Commission Agenda Item No. 6
Presenters: Tom Heger
Sand and Gravel Permit Rules
Penalties and Interest on Delinquent Royalties and Reports
January 24, 2013
I. Executive Summary: This item seeks adoption of a proposed amendment to establish penalties and interest charges for late reports and royalty payments.
II. Discussion: Under Parks and Wildlife Code, Chapter 86, the Texas Parks and Wildlife Commission is required to manage, control, and protect marl and sand of commercial value and all gravel shell, and mudshell located within the tidewater limits of the state and within the freshwater areas of the state not embraced by a survey of private land. Chapter 86 also prohibits the disturbance or take of marl, sand, gravel, shell, or mudshell under the management and protection of the Commission without a permit, with limited exceptions.
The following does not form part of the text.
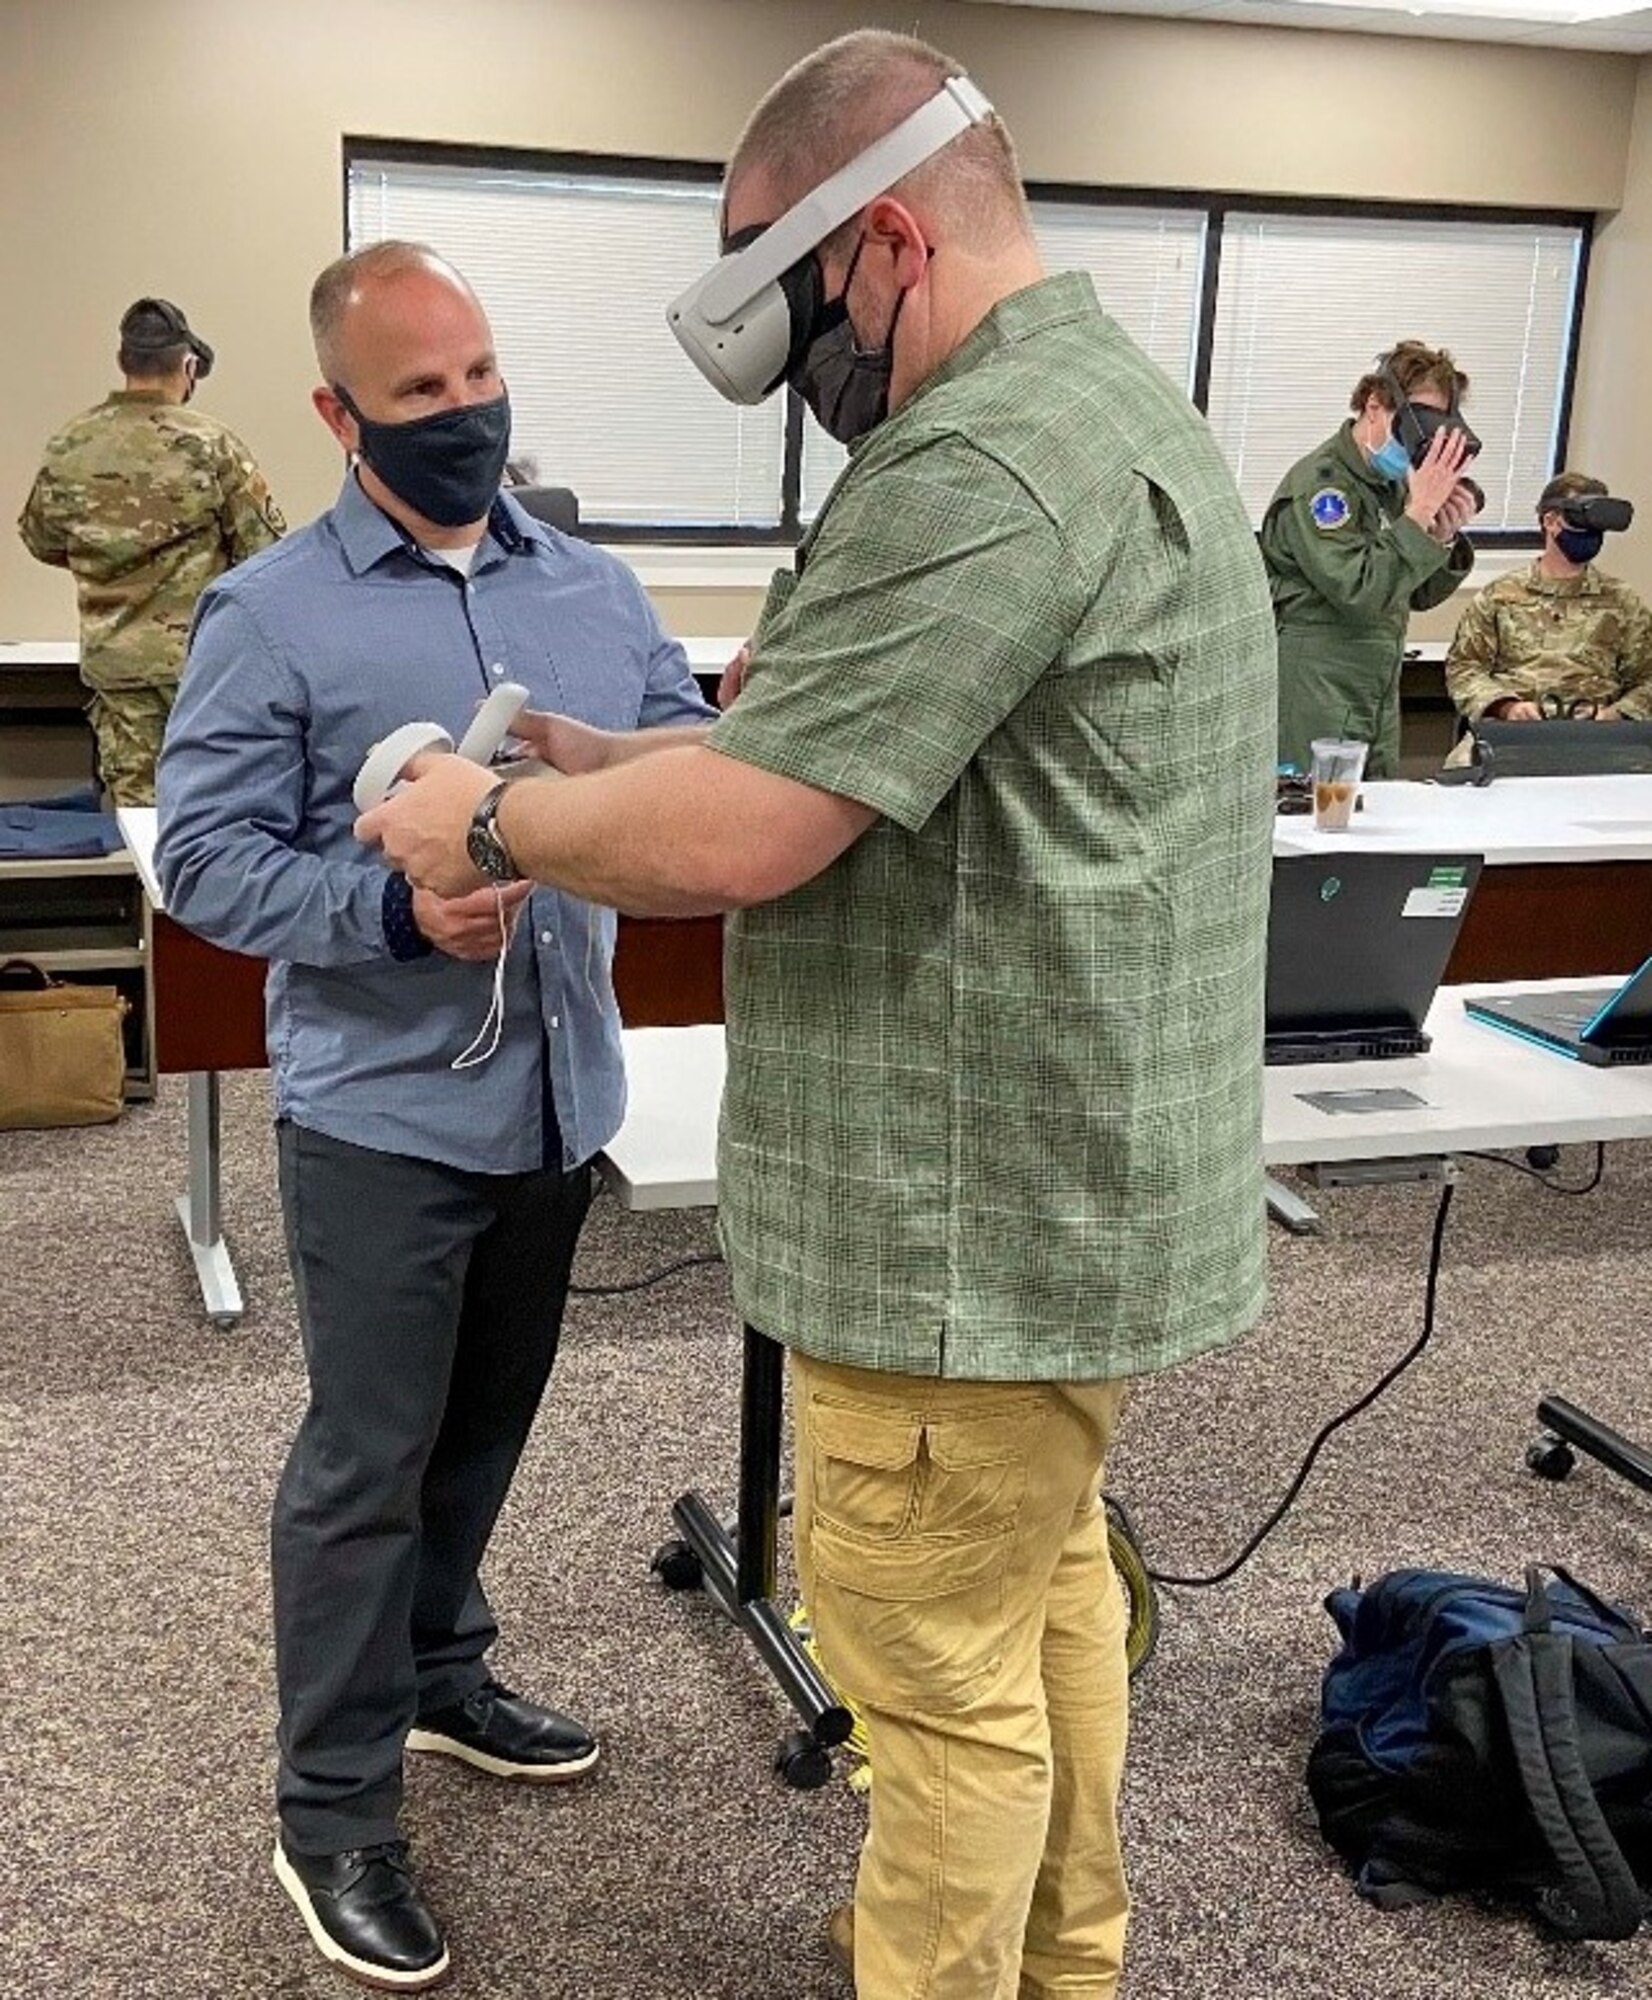 Dr. Andy Clayton, an assistant professor of leadership and augmented reality/virtual reality research task force director, helps a Regional Security Studies student during a VR trip to South America at Maxwell Air Force Base, Alabama, Mar. 29, 2021. This type of immersive learning helps students retain information from their VR experience and allows them to interact with curriculum content.

The statute additionally allows the granting of a permit upon a finding that a proposed activity will not significantly increase nonpoint source pollution; significantly accelerate erosion; damage or injuriously affect hydrology of a river; any island, reef, bar, channel, river, creek, or bayou used for navigation or any oysters, oyster beds, fish, or wildlife in or near the activity.
The current rules governing sand and gravel removal have not been significantly altered since 1997. A recent internal audit of the sand and gravel program found that the current rules did not create a sufficient incentive for timely royalty payments and timely submission of reports.
At the November 2012 meeting of the Work Session, the Commission authorized staff to publish the proposed amendment in the Texas Register for public comment. The proposed rules appeared in the December 21, 2012, issue of the Texas Register (37 TexReg 9864-9866). A summary of public comment on the proposed rules will be presented at the time of the hearing.
III. Recommendation: Staff recommends that the Commission adopt the proposed motion:
“The Texas Parks and Wildlife Commission adopts amendments to §69.121, concerning Prices, with changes as necessary to the proposed text as published in the December 21, 2012, issue of the Texas Register (37 TexReg 9864-9866).”
Attachments – 1
Commission Agenda Item No. 6
SAND AND GRAVEL PERMIT RULES
The Texas Parks and Wildlife Department proposes an amendment to §69.121, concerning Prices.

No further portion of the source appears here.